Blake apparently didn’t disagree or want to clarify his point.  He was still, motionless.

“Okay,” Green Eyes said.

Just like that.

As simple as the acceptance was, Green Eyes still glared with a steady, ominous sort of intensity.

She knew, Rose knew.  That Blake had made the agreement.  That there was no room in this world for the both of them.

She didn’t know, Rose suspected, that even now, Rose was digesting Blake.  Eroding him away into nothingness.

And that, very possibly, he was letting her.

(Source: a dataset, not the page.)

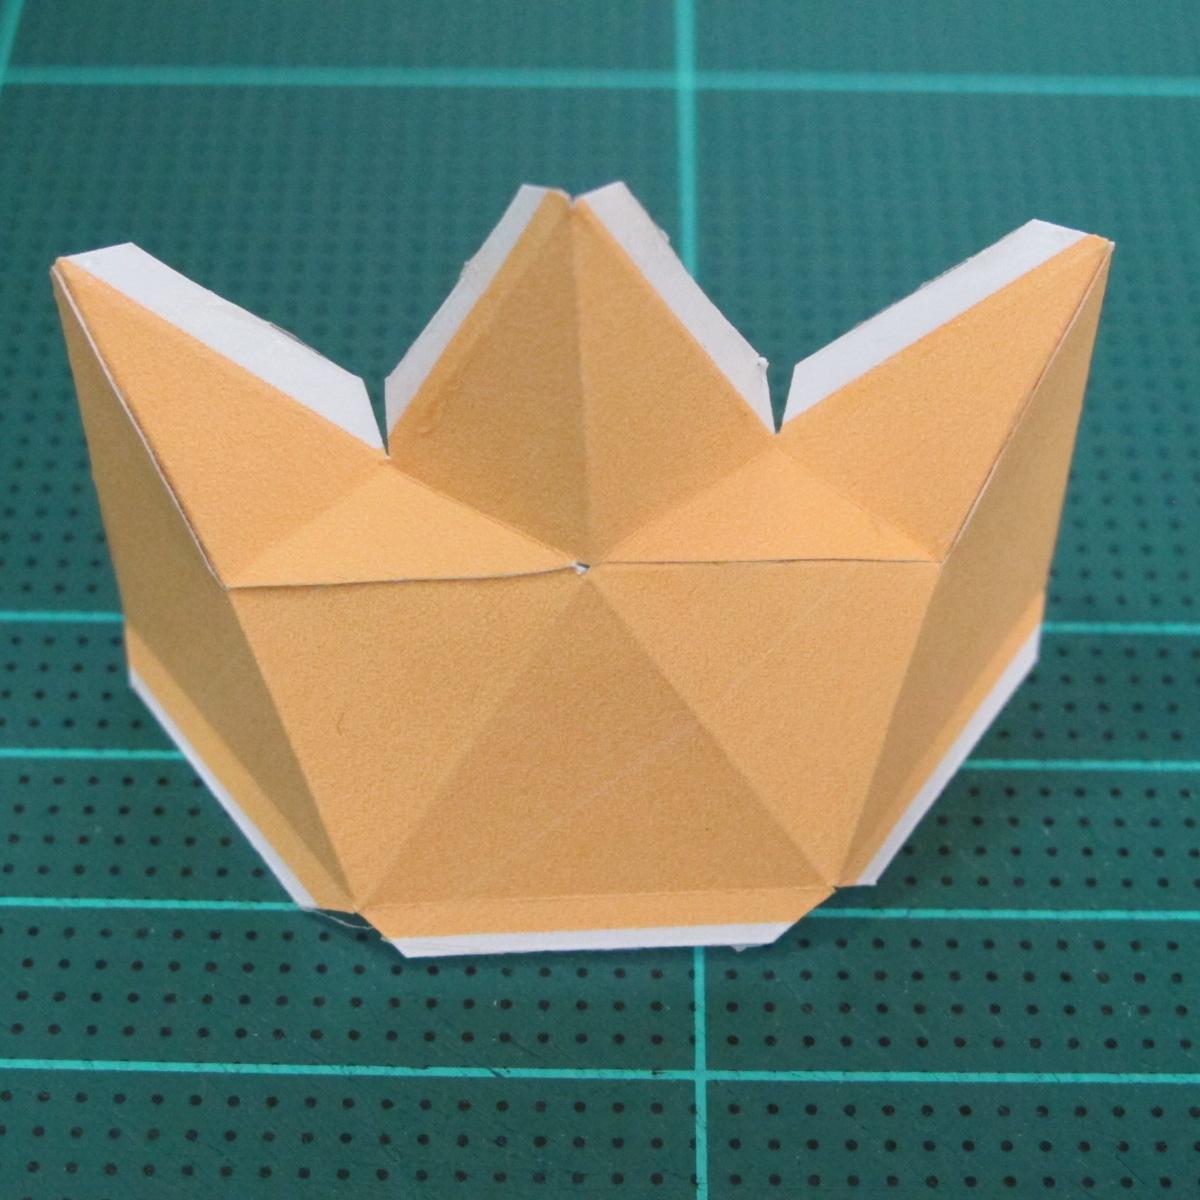 วิธีทำโมเดลกระดาษตุ้กตาสัตว์เลี้ยง หยดทองจากเกมส์ คุกกี้รัน (LINE Cookie Run Gold Drop Papercraft Model - クッキーラン  「黄金ドロップ」 ペーパークラフト) 006

But it was a toxic sort of digestion.  He was a poison, and for anything she gained this way, she lost something too.  There had to be a cleaner way to do it, and that meant that Rose and Blake were both operating on a time limit of sorts.

If and when she found a moment to extract Blake and place him in a vessel, she would have to watch her back against Green Eyes, out of concern that the mermaid would destroy Rose before she could dispose of Blake.

It was a complication.  One that Blake apparently wanted.

Rose frowned.

“Thank you, Green Eyes,” Rose said.

She gazed over the assembled practitioners.  Her eye fell on Ty, who had been draped out over one pew, a bandage around his middle.  A card was pressed to the bandage.  Someone had offered some help via. practice.  He raised a hand in a bit of a wave.